I'm a libertarian and a universalist, and not a pacifist or a nativist. I own a gun so I can secure my rights and help my neighbors secure theirs, and I want a government that kills terrorists and helps people outside the country secure their rights against those that would oppress them -- because they're coming here, too.

Unknown said...

It is a common error to assume that because we would not want to live under certain conditions that nobody would want to live under those conditions. This error becomes apparent when you consider that there is not a single government in the world that any self-respecting Libertarian (is there any other kind?) would want to live under.
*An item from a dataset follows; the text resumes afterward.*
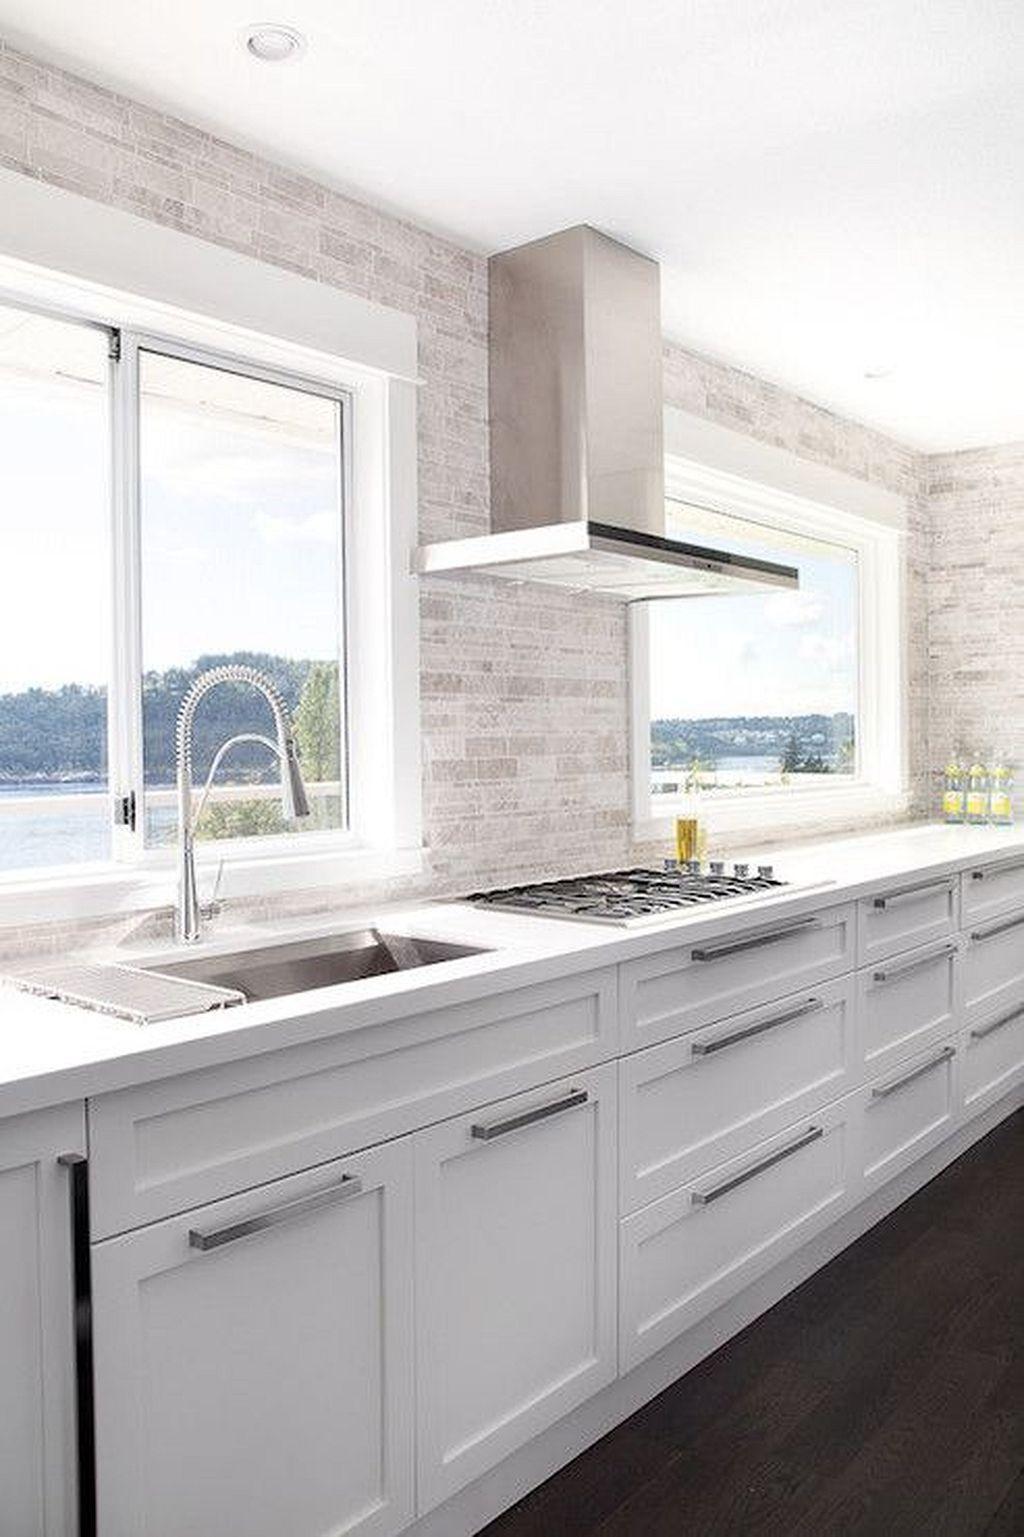 45 Modern White Kitchen Cabinets And Backsplash Design Ideas

So if we are to take your argument to it's logical conclusion, we are morally required to overthrow every government on earth, since they are all, to some extent or another, by our definitions, illiberal.
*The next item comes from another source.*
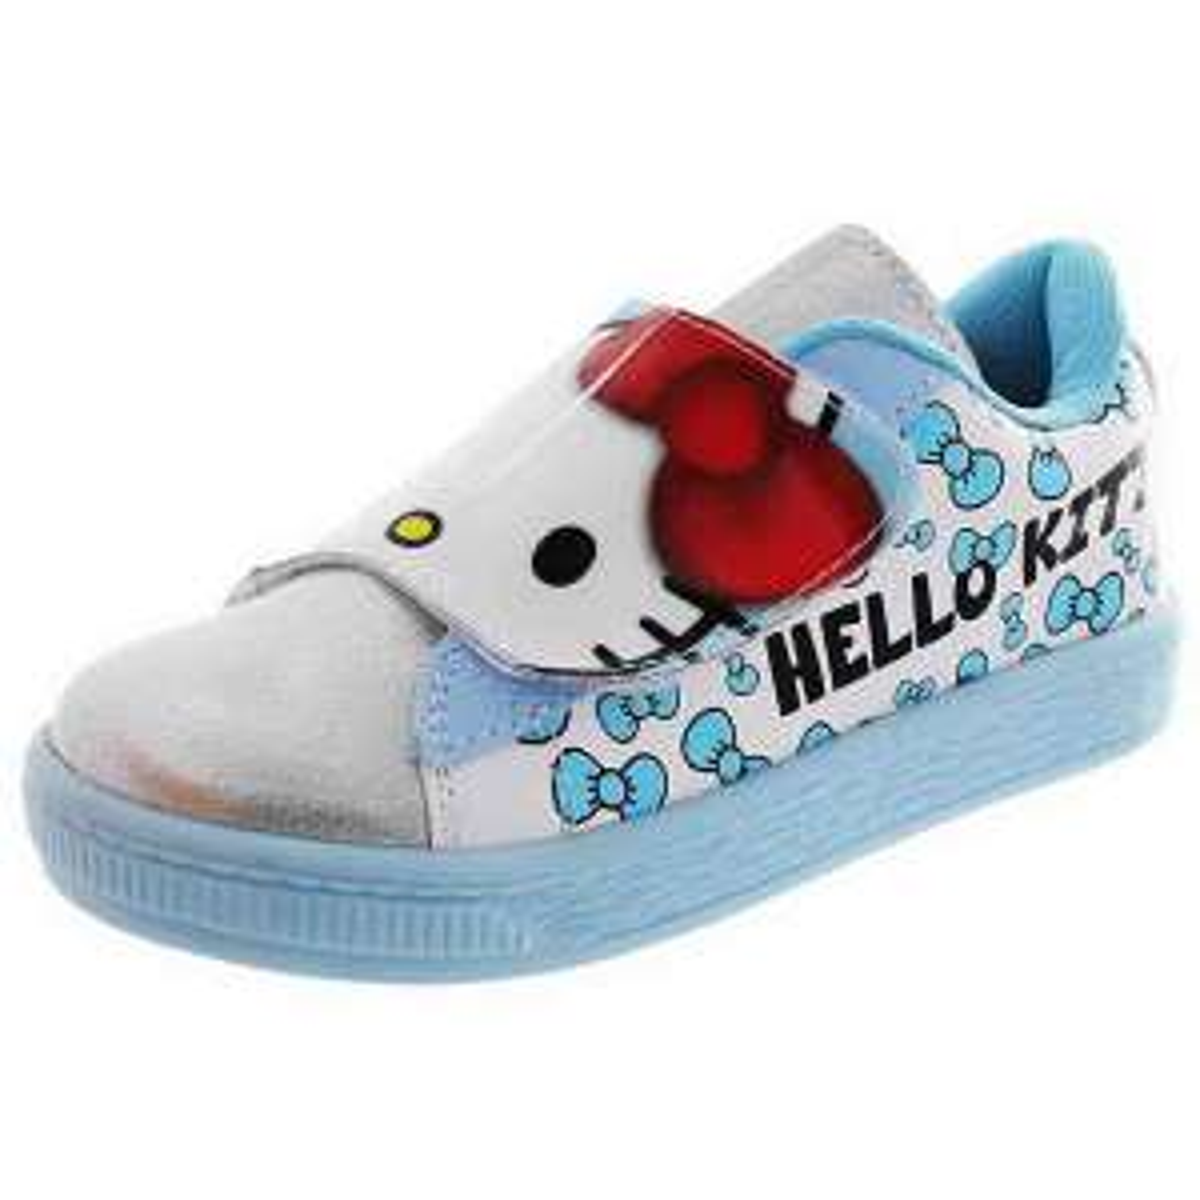 Sears: Tennis Hello Kitty niña talla 17-21

To put it another way, consider how the United States or Britain would view the brand new nation of Libertania, were it to be established. They would have no welfare state, no minimum wage laws, no drug laws, no "reasonable" restrictions on gun ownership. In short, they would be regarded by most non-libertarians as the devil incarnate. If we say that because the government in Iraq does not fit our criteria of a good place to live, we should attack it, it stands to reason that if we Libertarians ever establish our Utopia, it should be invaded and the regime changed, since it would not fit the criteria of a good place to live advanced by any of the governments in the world.

This demonstrates from both sides why we should not be involved in Iraq. It is up to the people of Iraq to establish the government under which they are to live, just as it was up to us to establish the government under which we would live, two centuries ago.

There is one reason that we would be within our rights to attack Iraq. If they attacked us. This is not impossible. It has never happened, but it could. If and only if it did happen, we would be well within our rights to nuke Baghdad (or the city of our choice) off the map. I would still not recommend any kind of "nation building" exercises. This is mostly because they don't work. If and only if they ever attack us, they should be left crippled and bleeding. Otherwise, they should be left alone. The price of tolerance is tolerance.

If you have fallen for the neocon line that they hate us because they are evil and we are good, you might want to consider that every reputable person in our own intelligence community believes
that although there are such people, the vast majority of terrorist recruits are recruits because of something that happened to them that they blame (rightly or wrongly) on us. I would be very happy to see Al Qaeda castrated by a lack of recruits. The only way to do that is to stop creating victims, and stop doing things that make it appear that we are creating victims.

If you want to go, personally, and fight for a Libertarian government in Iraq, more power to you. Don't drag me along, because I don't believe you will find anyone to fight on your side.

Anonymous said...

Sounds like he has some good ideas--freeing us from our "policeman of the world" mentality, lowering the debt, and ending the ruse of "free trade." I don't agree with all of his ideas though.

However the political parties are not interested in these ideas and you see that they've already started to undermine him with by calling him a nut and crazy and all the rest. You see they're doing the same thing with Dennis Kucinich now, just as they did with Ross Perot so many years ago.

These 3 men may or may not even share similar viewpoints but the common thread is that they all are not part of the insiders club that is the democratic and republican parties.

It's all about power and not about ideas or what's best for the country.

Unknown said...

Note that Dr. Paul does not oppose free trade: he opposes free trade treaties. There is a difference. He would repeal the tariffs that prevent us, for example, from sweetening our food with sugar instead of corn syrup. He just wouldn't let foreign countries control U.S. policy
(or atempt to control theirs) through these byzantine agreements.